When the guides came out last year, some industry observers criticized them for treating bloggers differently than writers for more traditional media. For instance, while the FTC recommended that bloggers tell readers about the receipt of free review copies, the agency didn't recommend that newspapers, magazines or Internet news sites make similar disclosures.
The FTC continues to make that distinction in its new document, on the theory that consumers have different expectations for blogs than news media. "For a review in a newspaper, on TV or on a website with similar content, it's usually clear to the audience that the reviewer didn't buy the product being reviewed," the FTC says. "But on a personal blog, a social networking page, or in similar media, the reader may not expect the reviewer to have a relationship with the company whose products are mentioned."
But the FTC doesn't spell out why it believes that consumers make different assumptions about reviews depending on where they appear -- an omission that troubles some observers like Santa Clara University law professor Eric Goldman. "It's an empirical statement that they have no support for," he says.

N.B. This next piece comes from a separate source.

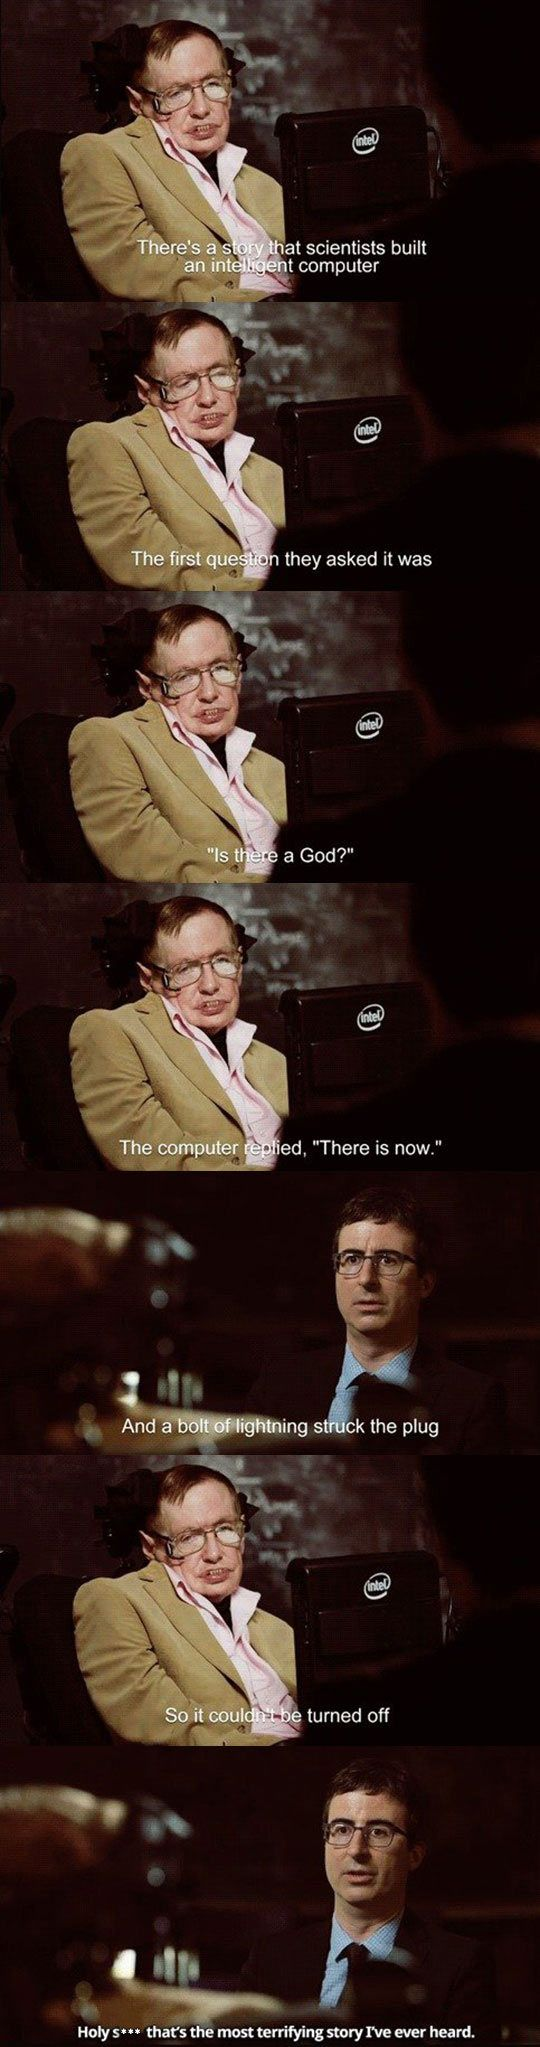 Stephen Hawking's Scariest Story
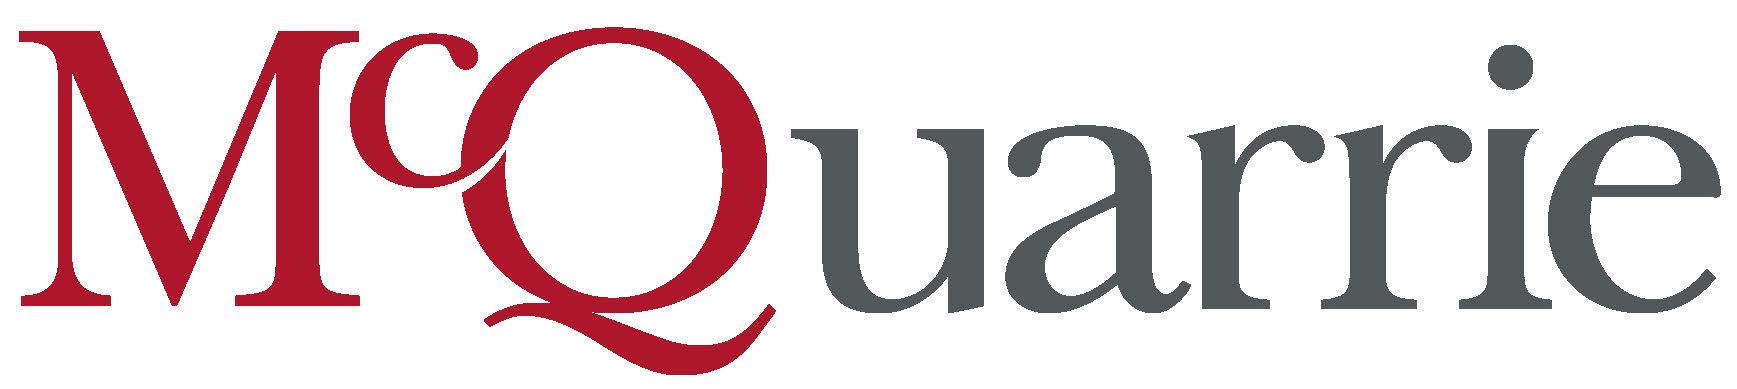 McQuarrie-Logo-(Pantone-Color).jpg

Jeff Greenbaum, an advertising and marketing lawyer with Frankfurt Kurnit Klein & Selz, adds that marketers who were awaiting additional guidance might be "surprised, and perhaps even disappointed," by the FTC's latest advice. "One of the major concerns that people had about the guides was that any time you provided a free product to a blogger, disclosure would be required," he says. The new material "really reinforces the FTC's position that almost anything you provide to a blogger will require disclosure."